My skills increased exponentially with each trip, but I never could quite catch my girlfriend, who after all had been skiing most of her life. That day on Bald Mountain, before I could say a word after we got off the lift, she shoved off down the hill and quickly disappeared around the first bend, leaving me alone and mesmerized at the top of the world. Gazing down that ice encrusted slope, I knew I was in over my head, but despite my best instincts, I set off after her anyway.

Things went wrong immediately. I’d never skied on such a steep, slippery surface before, and the first time I tried to turn, I just kept going straight. I caught the edge of my inside ski on the first mogul and catapulted head over heels, landing on my head with neck-breaking fierceness. Laying on my back, I looked up the hill. I’d gone maybe 30 feet. I pulled myself up and tried to cut horizontally across the run.

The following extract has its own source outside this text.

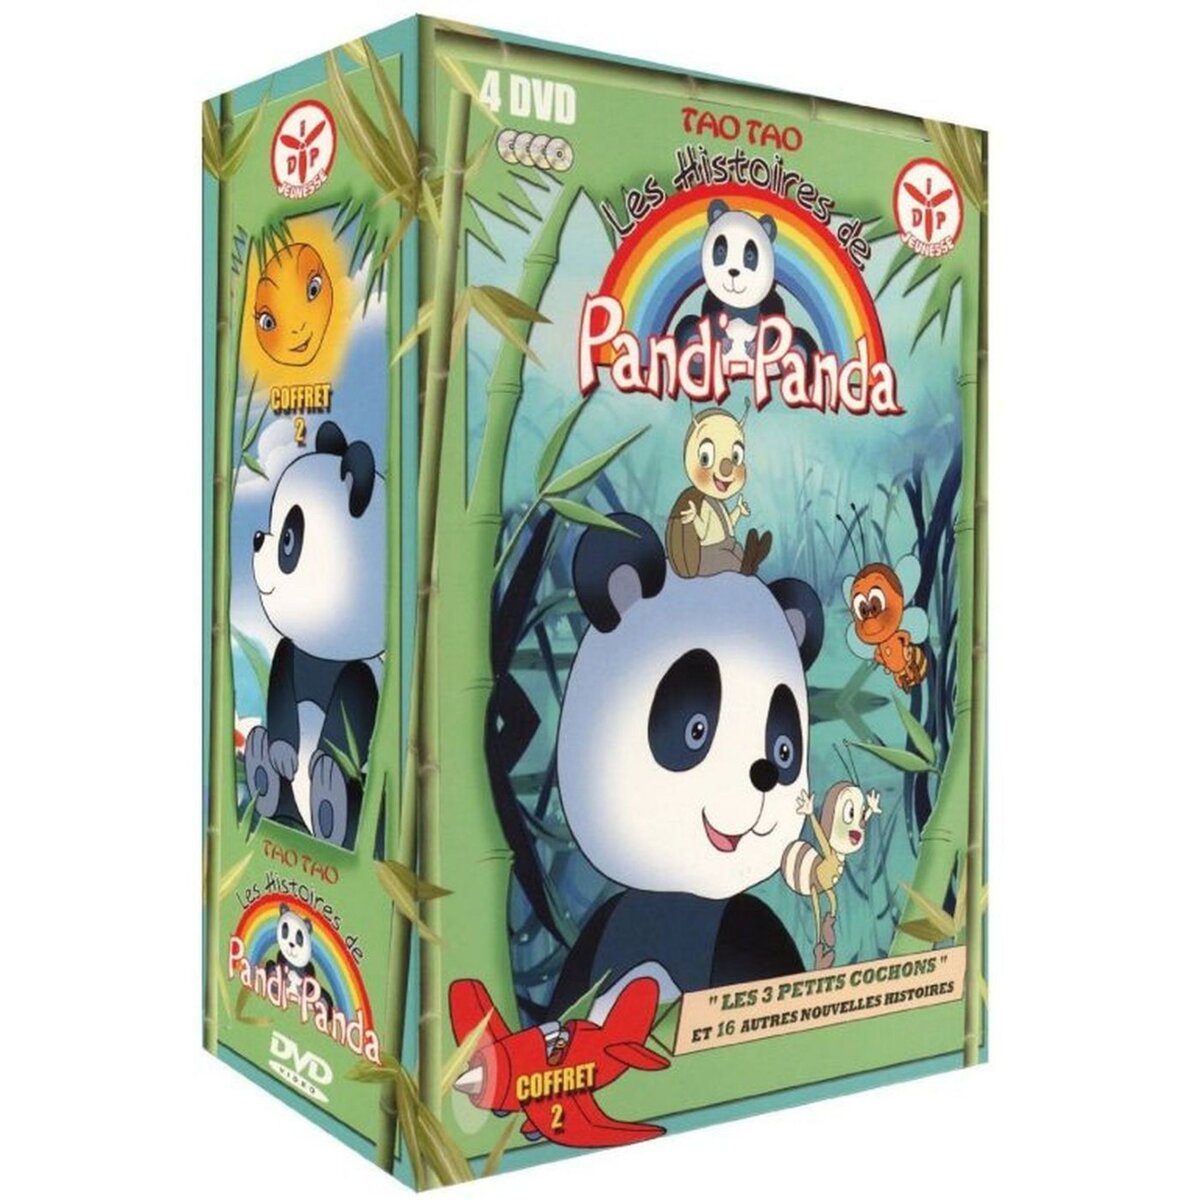 Pandi Panda Vol 2 DVD
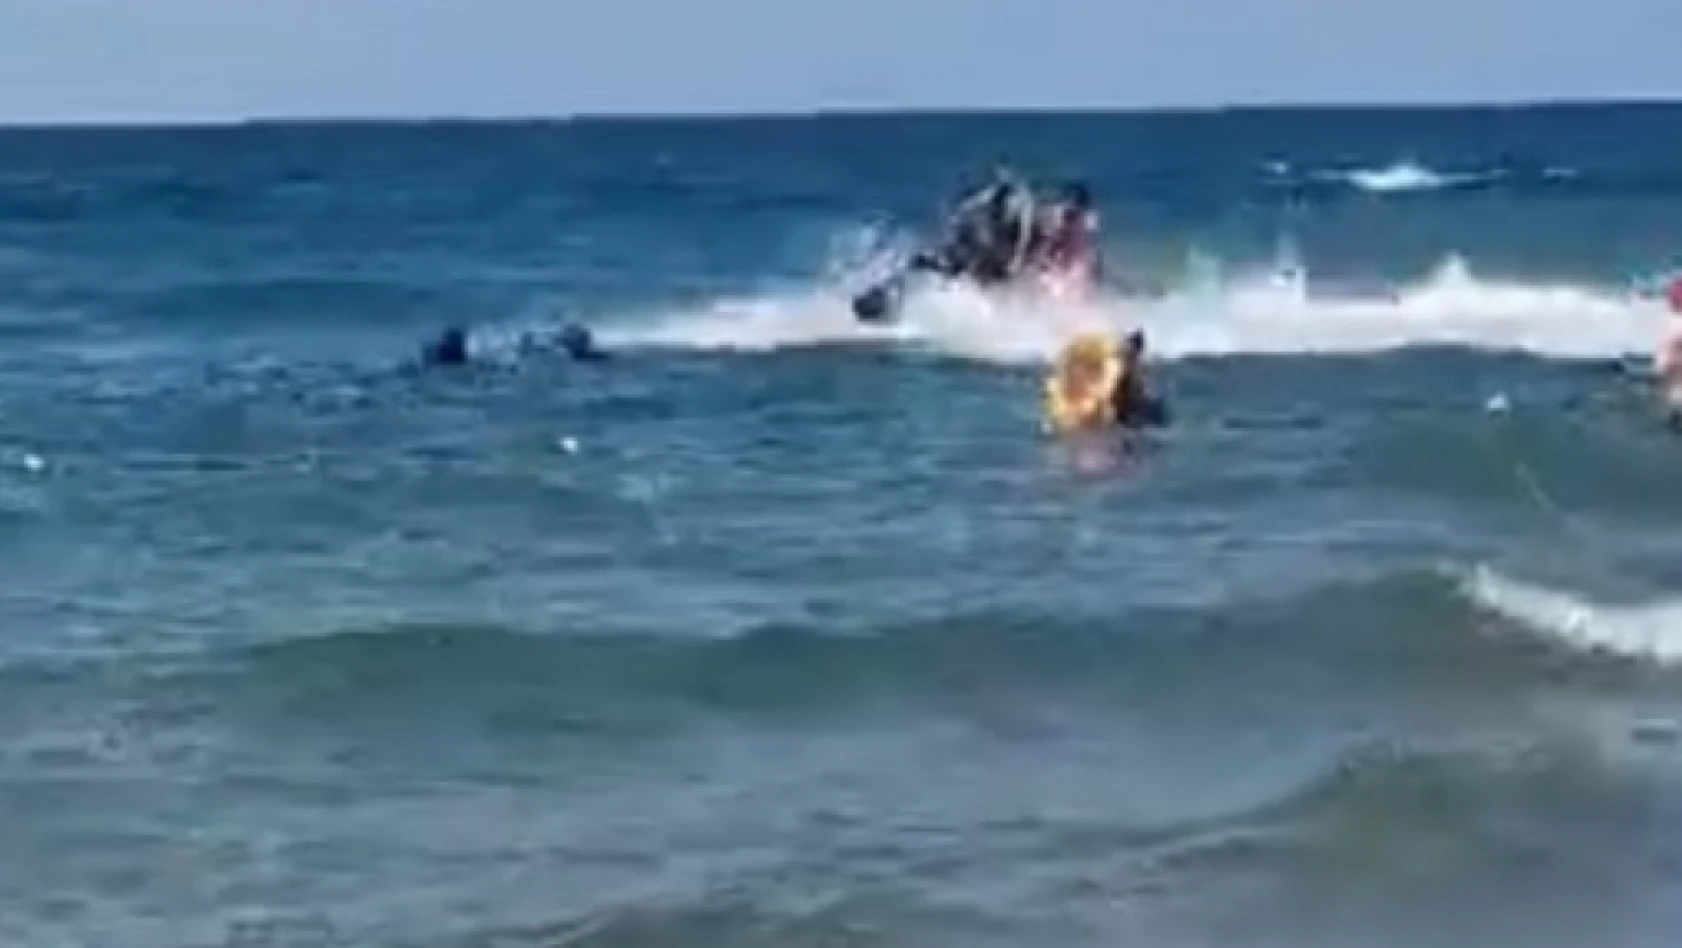 Kocaeli'de denizde can pazarı: Boğulma tehlikesi geçiren 4 kişi kurtarıldı

Again, I immediately slid out of control, crashing in a mangled heap another 30 feet down the hill.

In my mind’s eye, I imagined that I could keep doing this—skiing 30 feet, crashing, getting up, skiing 30 feet, crashing, getting up—until the slope leveled out further down the run. I could make it in about 17 crashes or so, I speculated. But with each wipeout, I became progressively more exhausted. On the seventh fall, another faceplant into a mogul that separated me from my skis, which skittered down the hill without me, I gazed up into the icy blue Idaho sky and realized I was so worn out I couldn’t get back up. It was then that I remembered the final line from White Heat, when FBI agent Hank Fallon, played by Ed O’Brien, comments on Cody Jarrett’s incendiary fate.

“He finally got to the top of the world,” Fallon says. “And it blew right up in his face.”

I might have laid there all day, perhaps freezing to death, anything but getting up again and bulldozing my way down the slope. Then the sky was eclipsed by two masked faces wearing red jackets: the ski patrol. It didn’t bother me that both were female; I had descended into an abyss that was beyond humiliation. One of the women fetched my skis, then both helped me to my feet. Once my skis were re-attached to my boots, the other woman instructed me to grab her around the waist from behind and place my skis in between hers. Sweating profusely, I held on tight as she took us down the hill.

During the initial part of our descent, I thought I would never go skiing again. I just wasn’t any good at it. It was too expensive. It was a pastime for the rich. But gradually I got my wind back, and as we arrived at the second half of the run, which was far less steep than the top, the ski patrol woman brought us to a halt.

“Do you think you can make it from here?” she asked.

Much to my surprise, I answered yes.